Signed-off-by: Louis Rilling <Louis.Rilling@kerlabs.com>
---
 fs/configfs/configfs_internal.h |    3 +++
 fs/configfs/dir.c               |   28 +++++++++++++++++++++++++++-
 fs/configfs/inode.c             |    2 ++
 fs/configfs/symlink.c           |    2 ++
 4 files changed, 34 insertions(+), 1 deletion(-)

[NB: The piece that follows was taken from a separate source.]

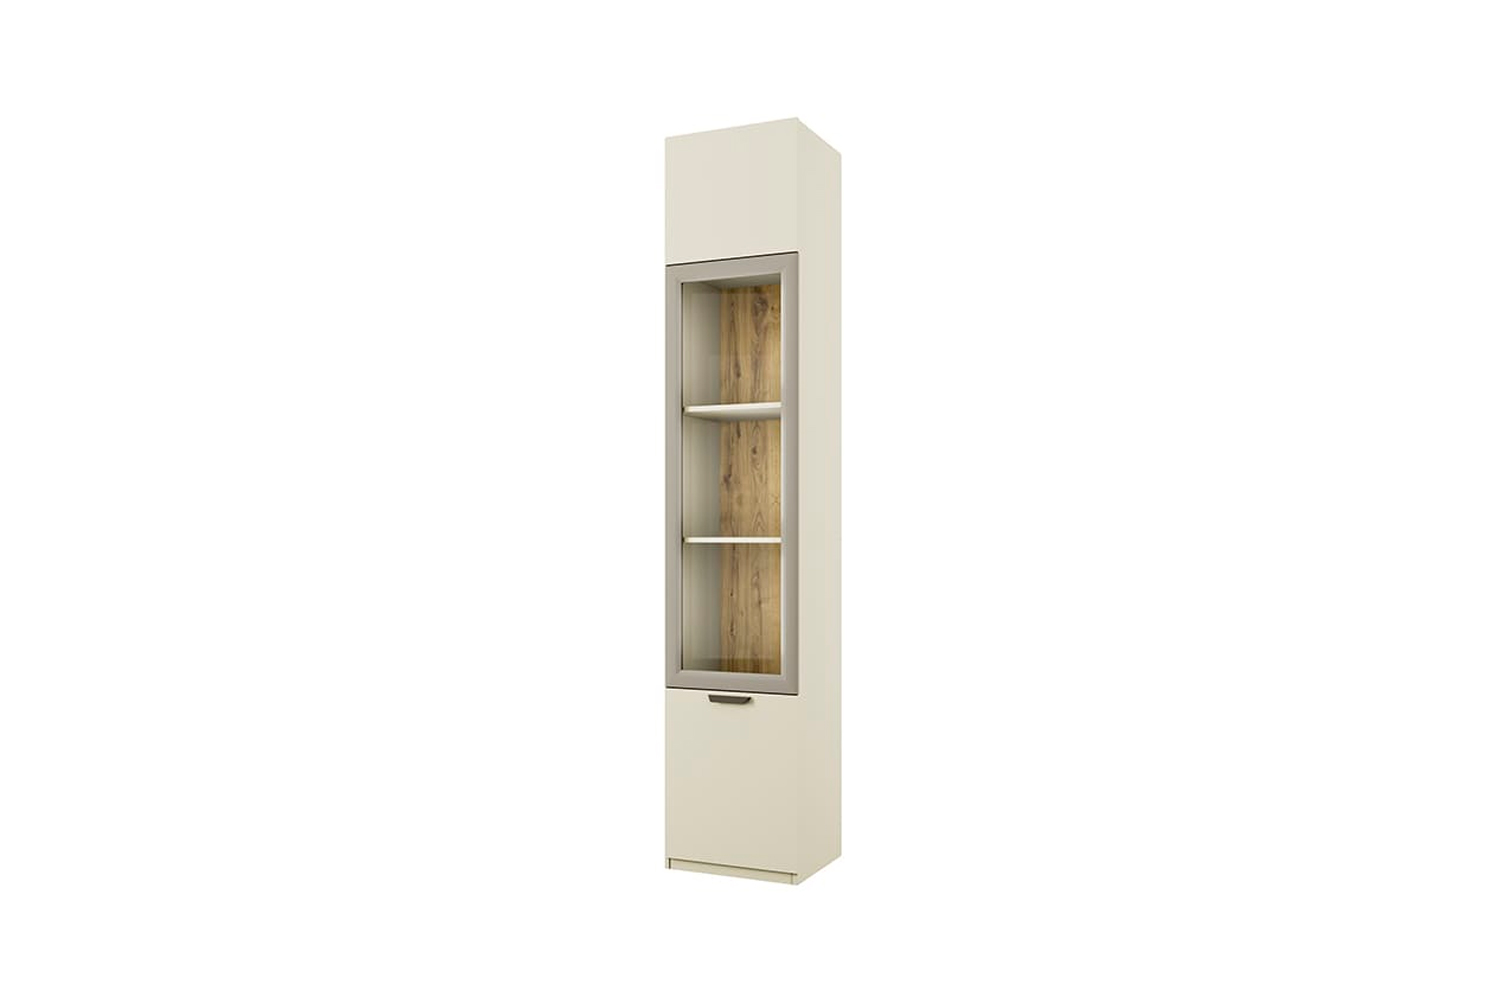 фото Anrex modern, шкаф с витриной 1v2d. цвет перс жемчуг/ирл ликер

Index: b/fs/configfs/configfs_internal.h
===================================================================
--- a/fs/configfs/configfs_internal.h	2008-06-16 15:59:47.000000000 +0200
+++ b/fs/configfs/configfs_internal.h	2008-06-16 18:54:04.000000000 +0200
@@ -26,6 +26,7 @@
 
 #include <linux/slab.h>
 #include <linux/list.h>
+#include <linux/spinlock.h>
 
 struct configfs_dirent {
 	atomic_t		s_count;
@@ -49,6 +50,8 @@ struct configfs_dirent {
 #define CONFIGFS_USET_DROPPING	0x0100
 #define CONFIGFS_NOT_PINNED	(CONFIGFS_ITEM_ATTR)
 
+extern spinlock_t configfs_dirent_lock;
+
 extern struct vfsmount * configfs_mount;
 extern struct kmem_cache *configfs_dir_cachep;
 
Index: b/fs/configfs/dir.c
===================================================================
--- a/fs/configfs/dir.c	2008-06-16 15:59:47.000000000 +0200
+++ b/fs/configfs/dir.c	2008-06-16 18:54:25.000000000 +0200
@@ -35,6 +35,14 @@
 #include "configfs_internal.h"
 
 DECLARE_RWSEM(configfs_rename_sem);
+/*
+ * Protects mutations of configfs_dirent linkage together with proper i_mutex
+ * Mutators of configfs_dirent linkage must *both* have the proper inode locked
+ * and configfs_dirent_lock locked, in that order.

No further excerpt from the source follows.